EXERCISE DETAILS
Retype the data that follows line by line, exactly, and leave its pictures out.

DATA BELOW
*** Block opens ***

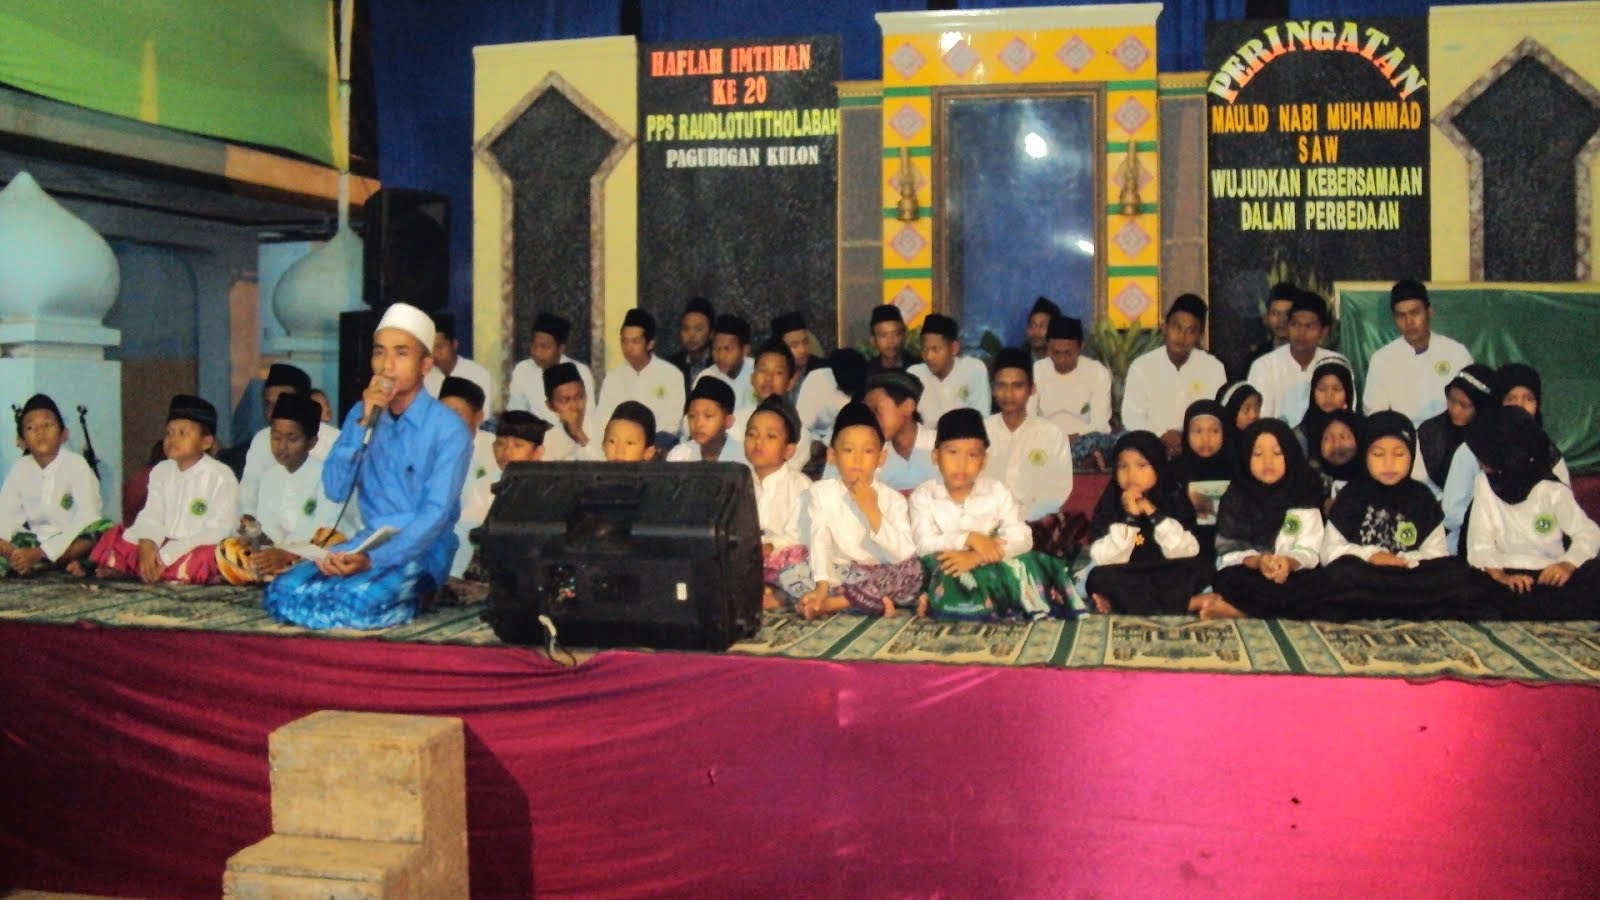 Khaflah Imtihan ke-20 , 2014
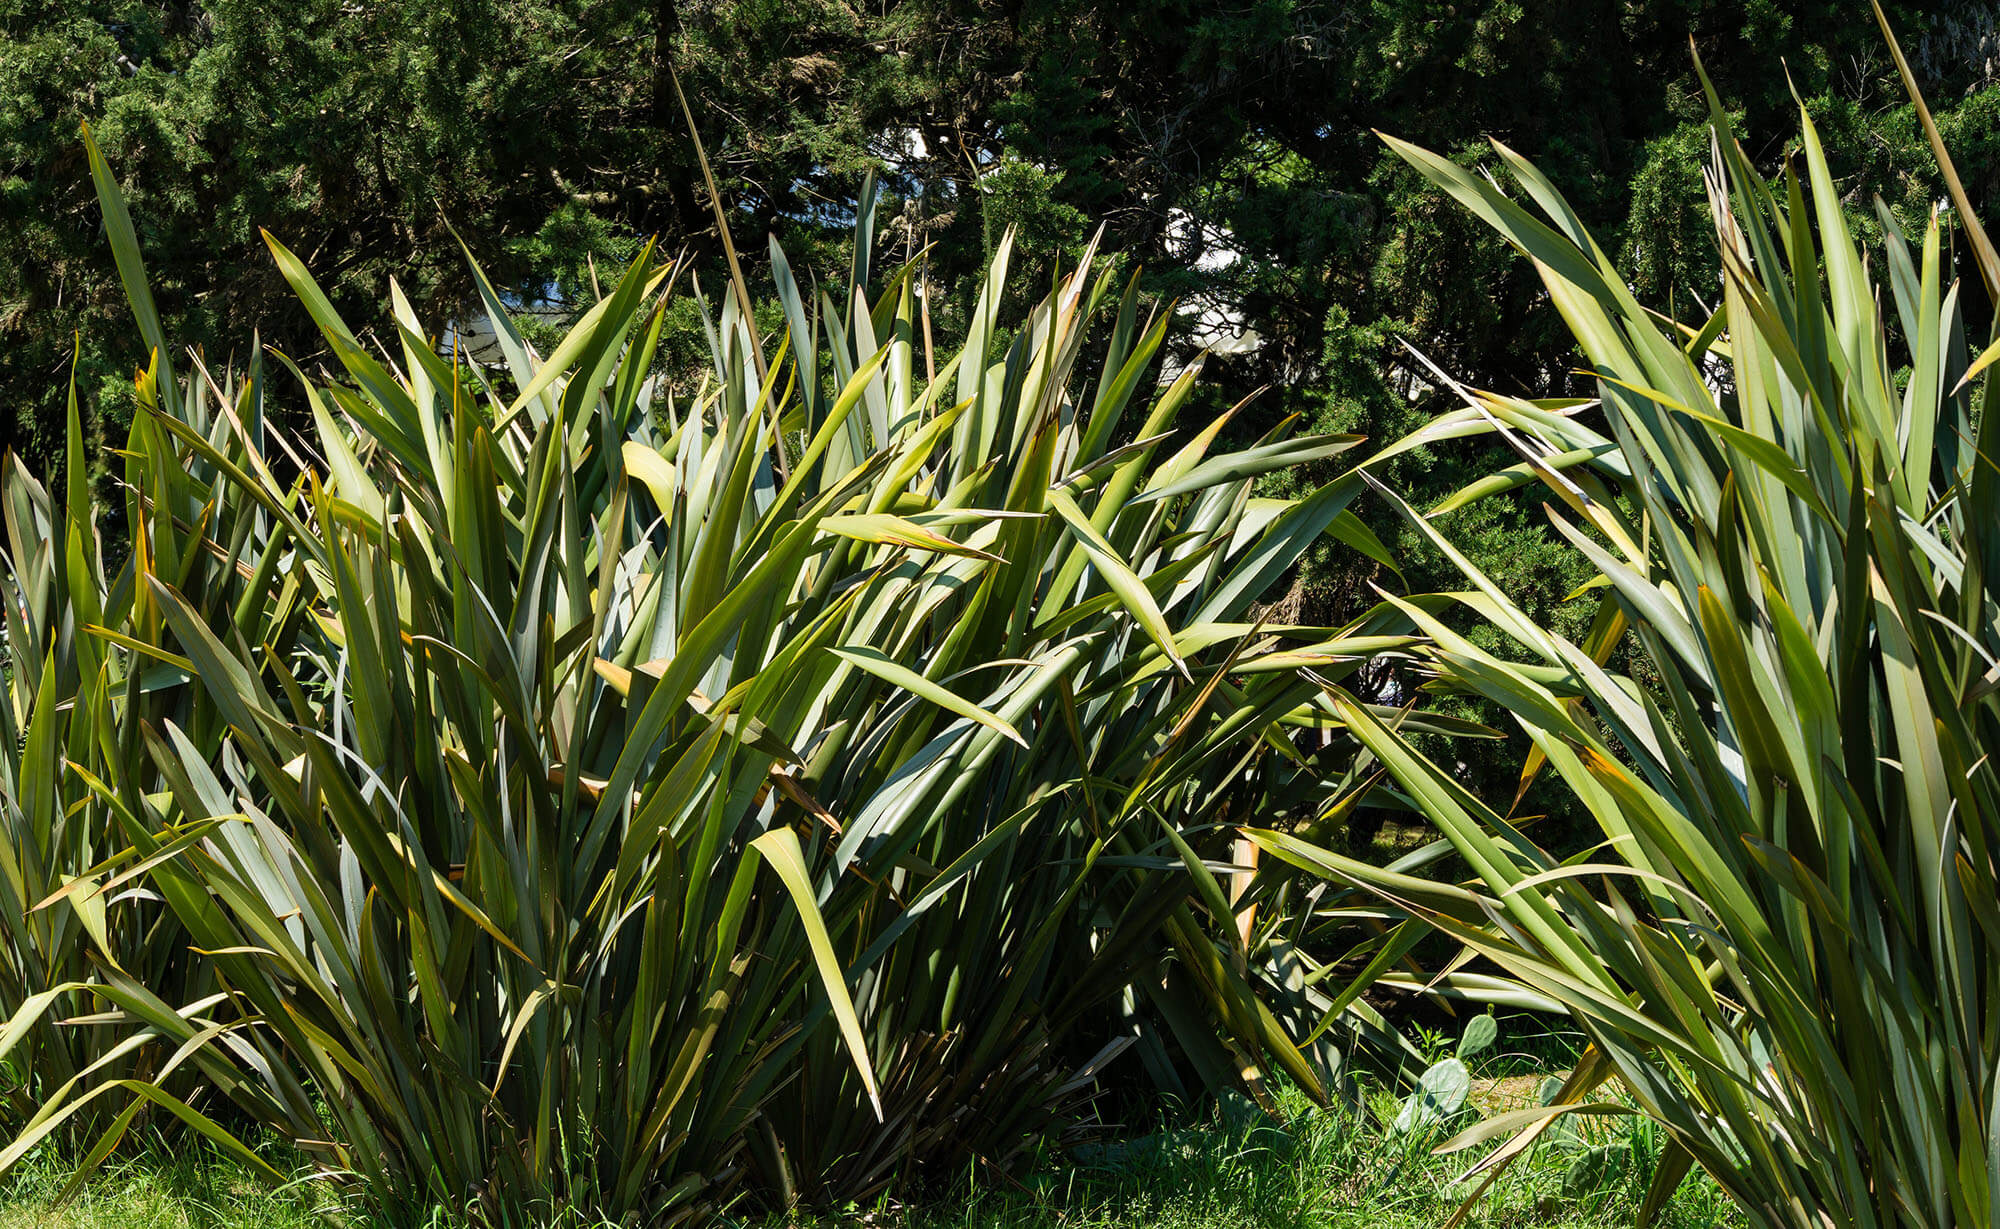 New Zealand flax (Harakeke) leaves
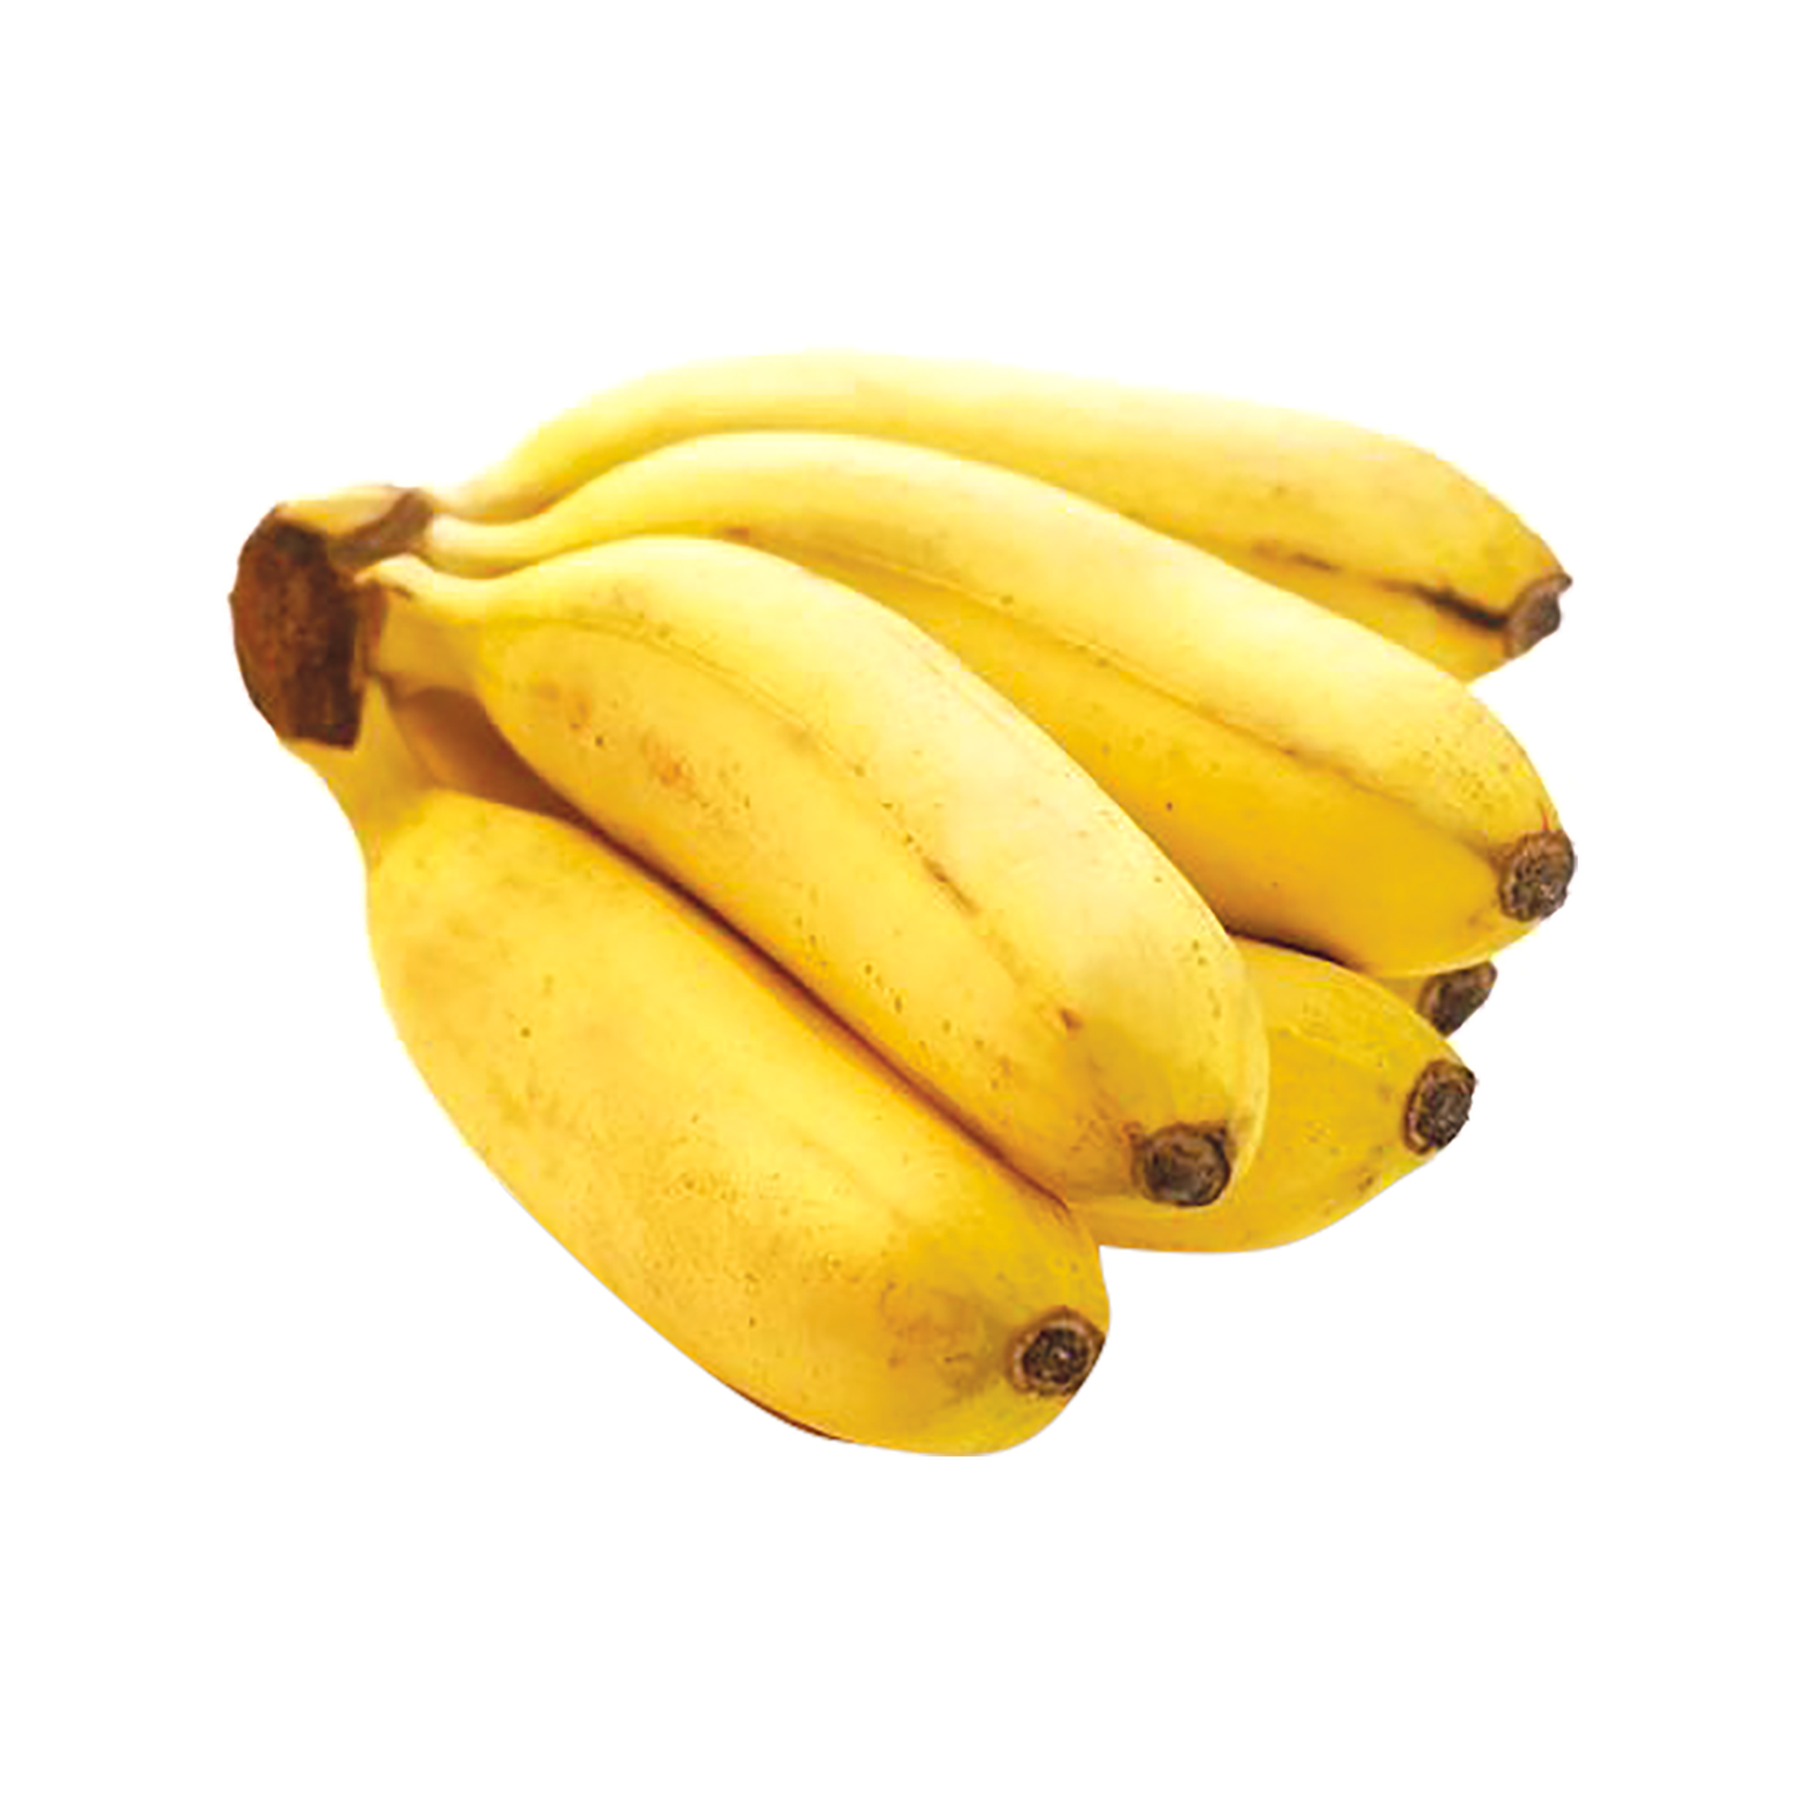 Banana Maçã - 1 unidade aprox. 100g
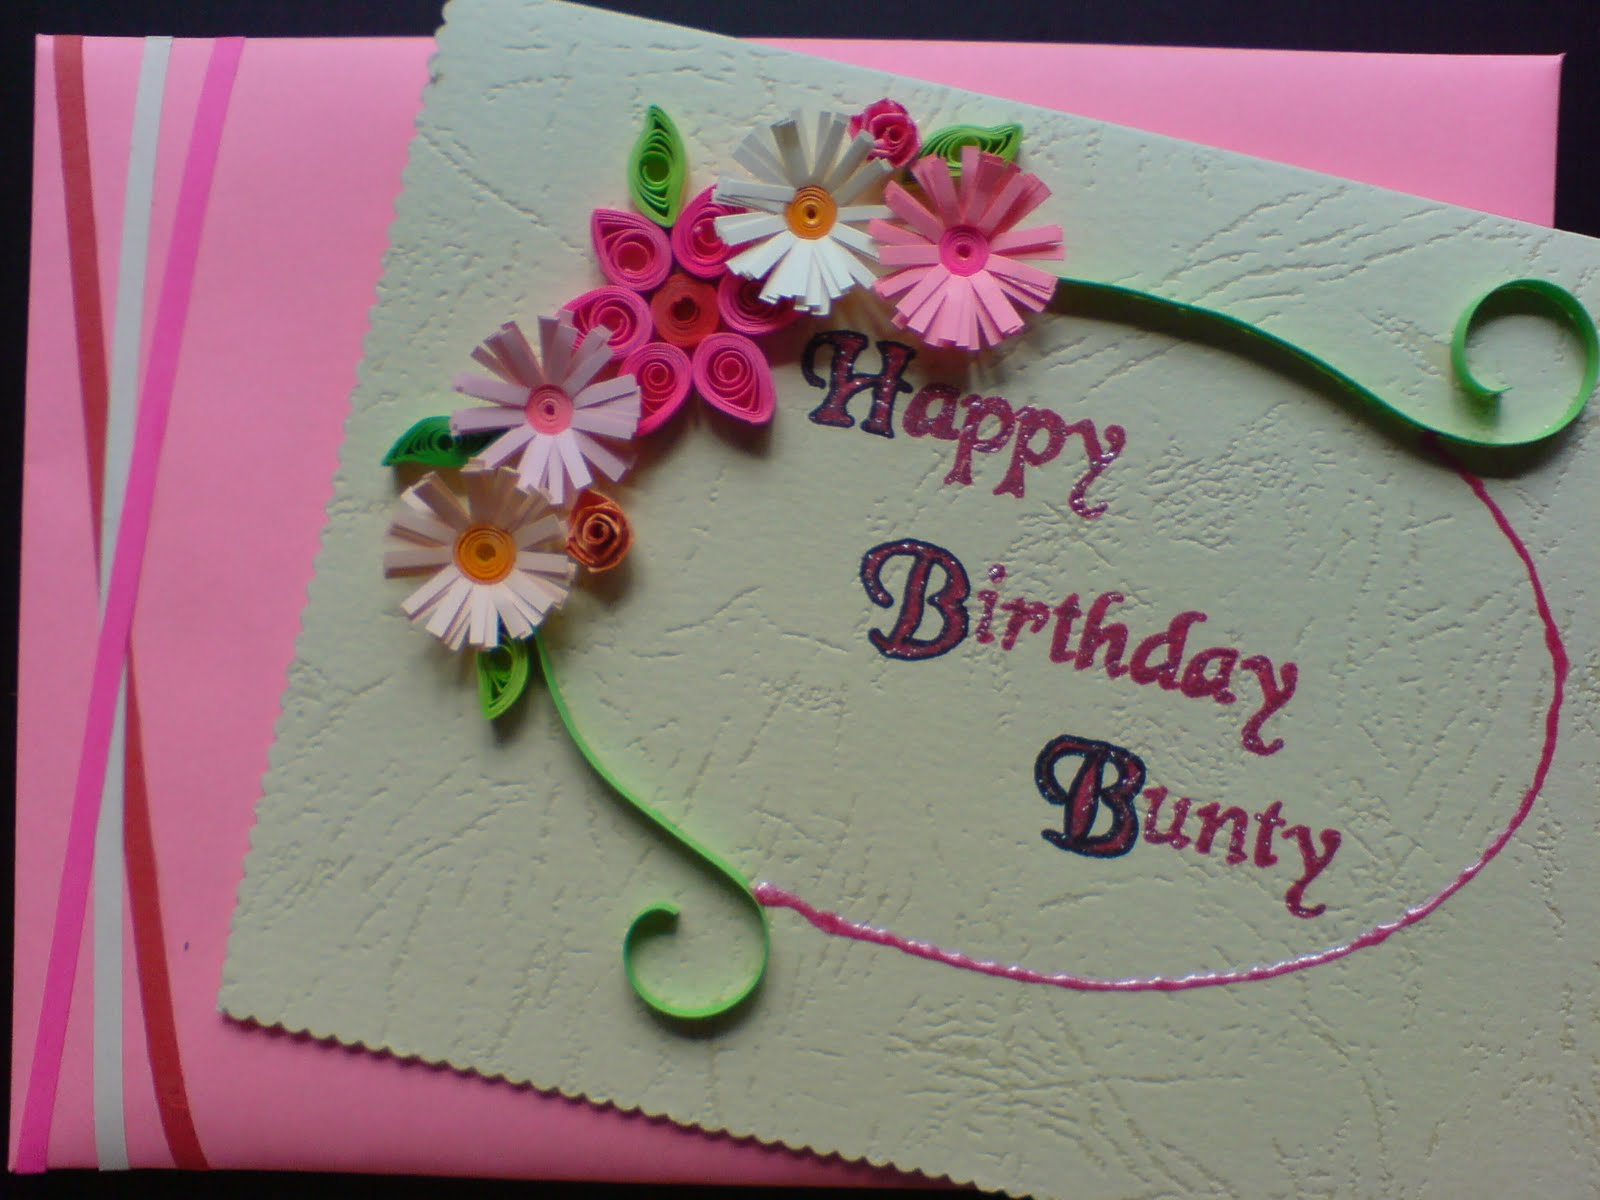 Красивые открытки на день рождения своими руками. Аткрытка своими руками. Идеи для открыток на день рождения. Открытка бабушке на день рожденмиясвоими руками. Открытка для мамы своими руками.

*** Block closes ***

ANSWER
 Khaflah Imtihan ke-20 , 2014
 New Zealand flax (Harakeke) leaves
 Banana Maçã - 1 unidade aprox. 100g
 Красивые открытки на день рождения своими руками. Аткрытка своими руками. Идеи для открыток на день рождения. Открытка бабушке на день рожденмиясвоими руками. Открытка для мамы своими руками.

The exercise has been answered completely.